This study found that ME/CFS patients who experience dizziness or fainting when standing up (orthostatic intolerance) have smaller hearts and pump less blood with each beat compared to ME/CFS patients without these symptoms and healthy people. The researchers used ultrasound imaging to measure heart size and function in different groups and discovered that about half of ME/CFS patients with orthostatic intolerance had unusually small left heart chambers.
Why It Matters
This study identifies a potential cardiac mechanism for orthostatic intolerance, a debilitating symptom affecting many ME/CFS patients. Understanding that a subset of ME/CFS patients have measurably smaller hearts and reduced cardiac output could lead to targeted diagnostic approaches and interventions tailored to this physiological abnormality.
Observed Findings
Patients with ME/CFS and orthostatic intolerance had significantly smaller left ventricular dimensions and lower cardiac output compared to ME/CFS patients without orthostatic intolerance and healthy controls.

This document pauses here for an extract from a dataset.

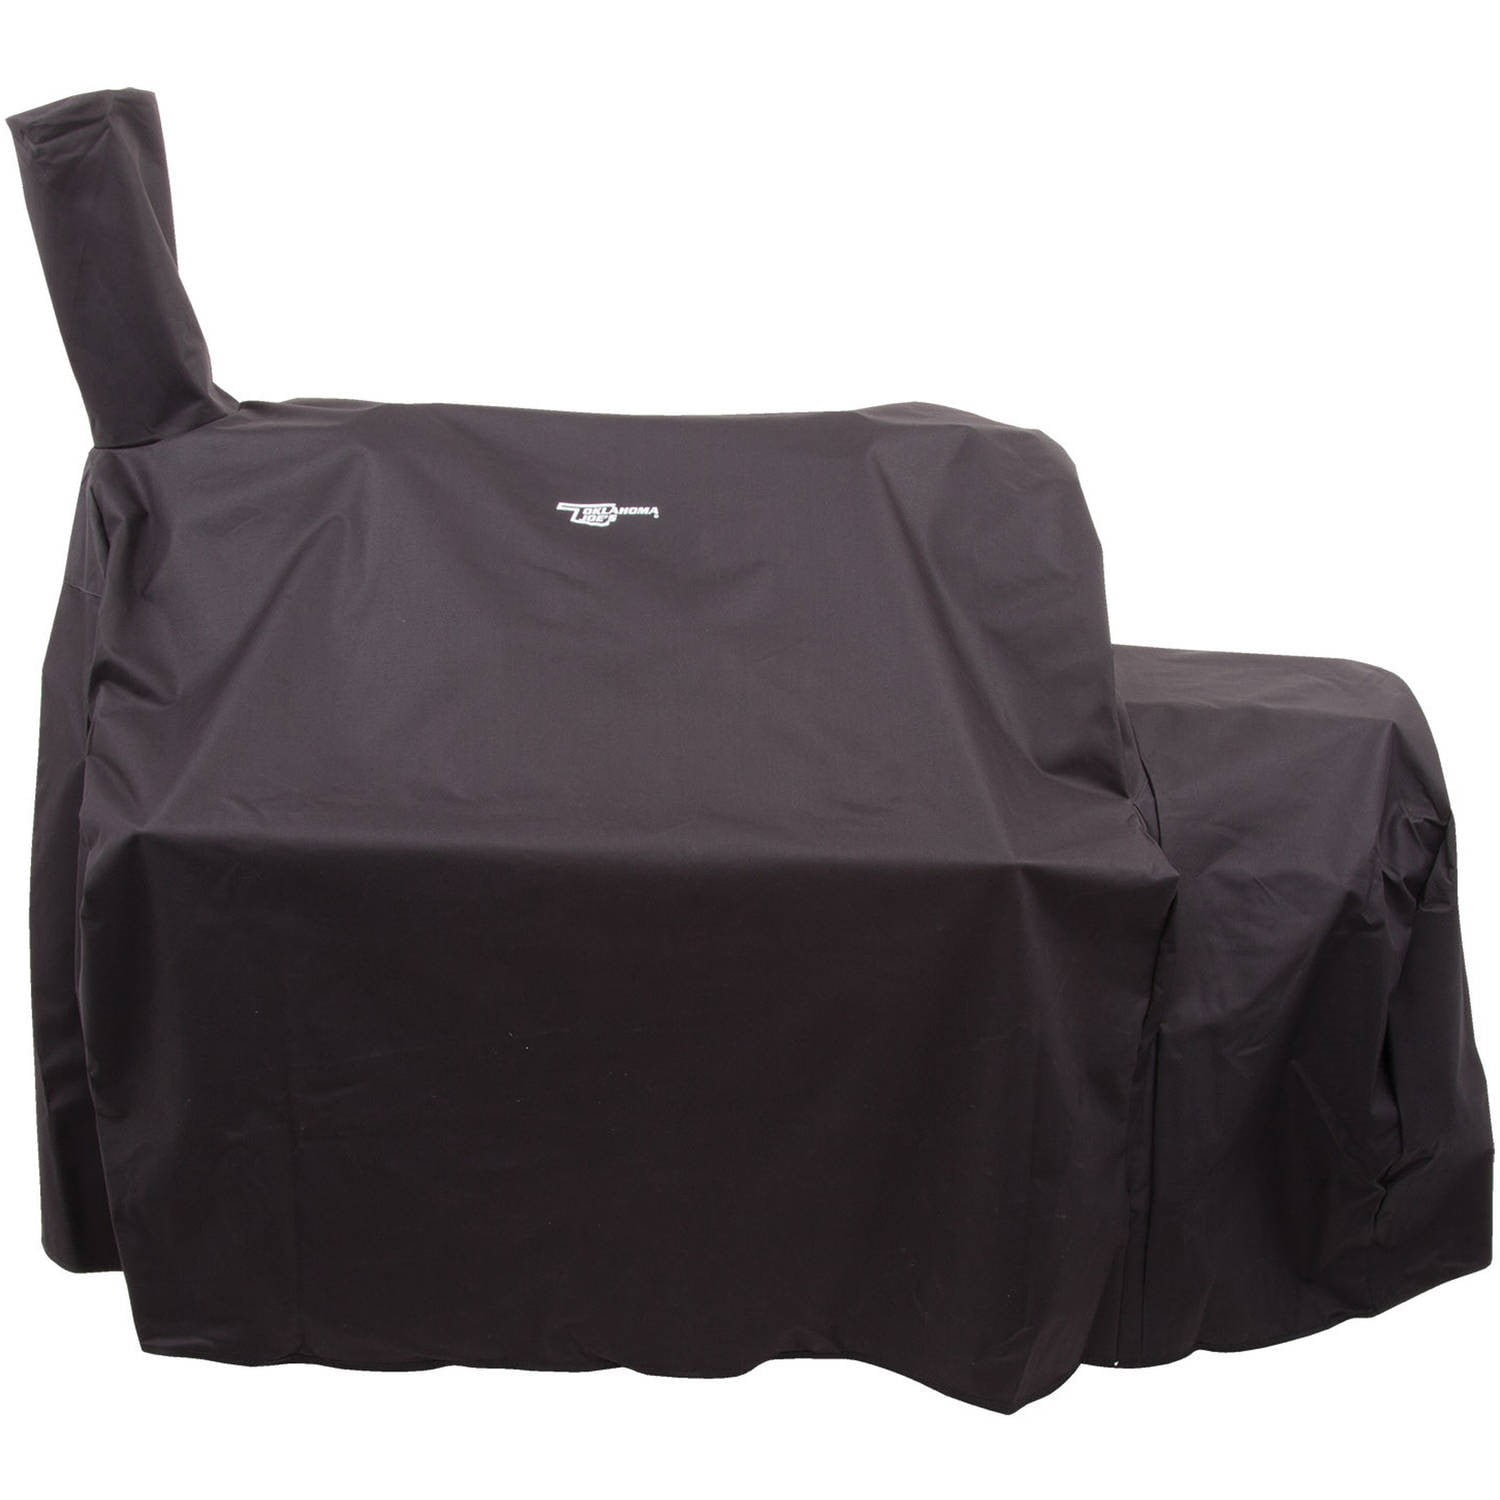 33.5 X 58.5 X 38 In. Black Grill Cover For Oklahoma Joes Highland Offset Smoker- Pack Of 4

54% of ME/CFS patients with orthostatic intolerance had left ventricular end-diastolic dimensions below 40 mm, compared to only 5% of ME/CFS patients without orthostatic intolerance.
65% of ME/CFS patients with orthostatic intolerance had reduced cardiac index (<2 L/min/m²), versus 5% of those without orthostatic intolerance, 27% with isolated orthostatic intolerance, and 11% of controls.
Cardiothoracic ratio, blood pressure, and left ventricular mass were all significantly reduced in ME/CFS patients with orthostatic intolerance.
Inferred Conclusions
A small left ventricle with low cardiac output appears to be a characteristic feature of ME/CFS patients with orthostatic intolerance.
Me/CFS patients with orthostatic intolerance constitute a distinct, well-defined subgroup of ME/CFS characterized by measurable cardiac abnormalities.
Small heart size may contribute to orthostatic intolerance through reduced cerebral and systemic blood flow.
Remaining Questions
What causes the heart to become or remain small in this ME/CFS subgroup—is it deconditioning, autonomic dysfunction, viral damage, or something else?
Does treating or addressing the small heart size and low cardiac output improve orthostatic intolerance and ME/CFS symptoms?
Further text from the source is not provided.